インテルのCore 2 Duo Macが発売され、かなり日がたって価格が下がったら真剣に購入を考えるが、それまでは検討しないという。言いかえれば、大規模なスタジオでアートの仕事をしているウィルは、今持っていないものを自分が気に入るとは本気で考えていないのだ。

私もほぼ同じ考えだ。私は常々、Dragon連続音声認識ソフトウエアの新版を誰かが作ってくれないかと思っていた。自分のiPodに口述し、それをプログラムで清書できるようになればいいのに。手間ひまかけて修正しなくてもいいくらいにだ。

これはつまり、私専用のとても大きな辞書が使えるぐらいのCPU能力とメモリーが要るということだ。ひいては強力なハードウエアが必要である。いま持っているものより強力なマシンが必要かどうか、私にはわからない。

確かに、このソフトは新バージョンが出ている。しかし好意的なレビューを目にしたことがないところを見ると、そのために新しいハードが必要ということではないかもしれない。

それに加えて、格段に改良されたOCRソフトが欲しい。
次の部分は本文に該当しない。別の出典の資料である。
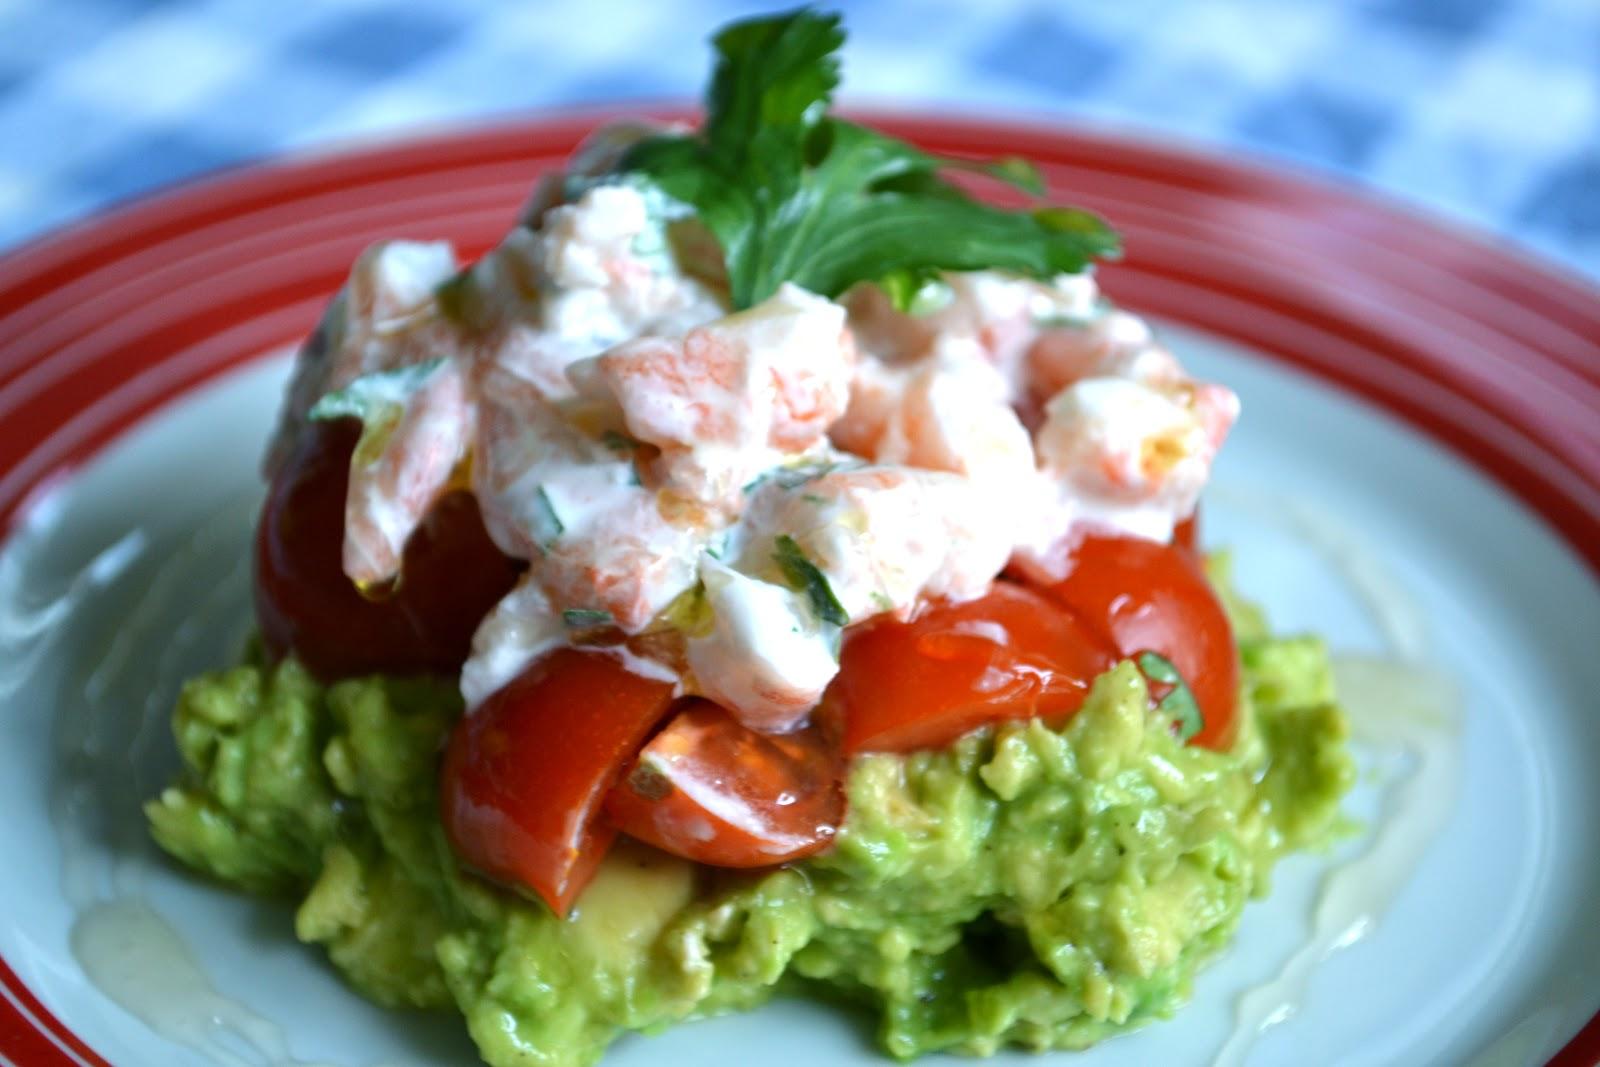 Light And Fresh Avocado Cream Verrines Recipes — Dishmaps

今の製品はあまり正確ではなく、特定のテキストやフォントの癖を学習できない。紙が黄ばんでしまった古い本の場合は、ほとんど使えない。今のところは、本を海外に送って3回手入力させ、入力内容を比較して完全な最終出力を作る方がまだ安い。

もう1つの方法は、本をローラ・サンプソンのもとへ送ることだ。この人は1回で完璧に入力し、原本の文法的な間違いや誤植を修正する。ただし、彼女はいつも手が一杯だ。

どちらの方法も、OCRを使って自分で修正するより簡単だ。非常に古い著作の中には、例えば隣の少年か誰かに安くやらせることが可能なら、ぜひWordに入れたいと思うものがある。

コンピューターにやらせたいと思うことは他にもあるだろう。いずれにせよ、今のシステムよりも強力なCPU能力が必要だ。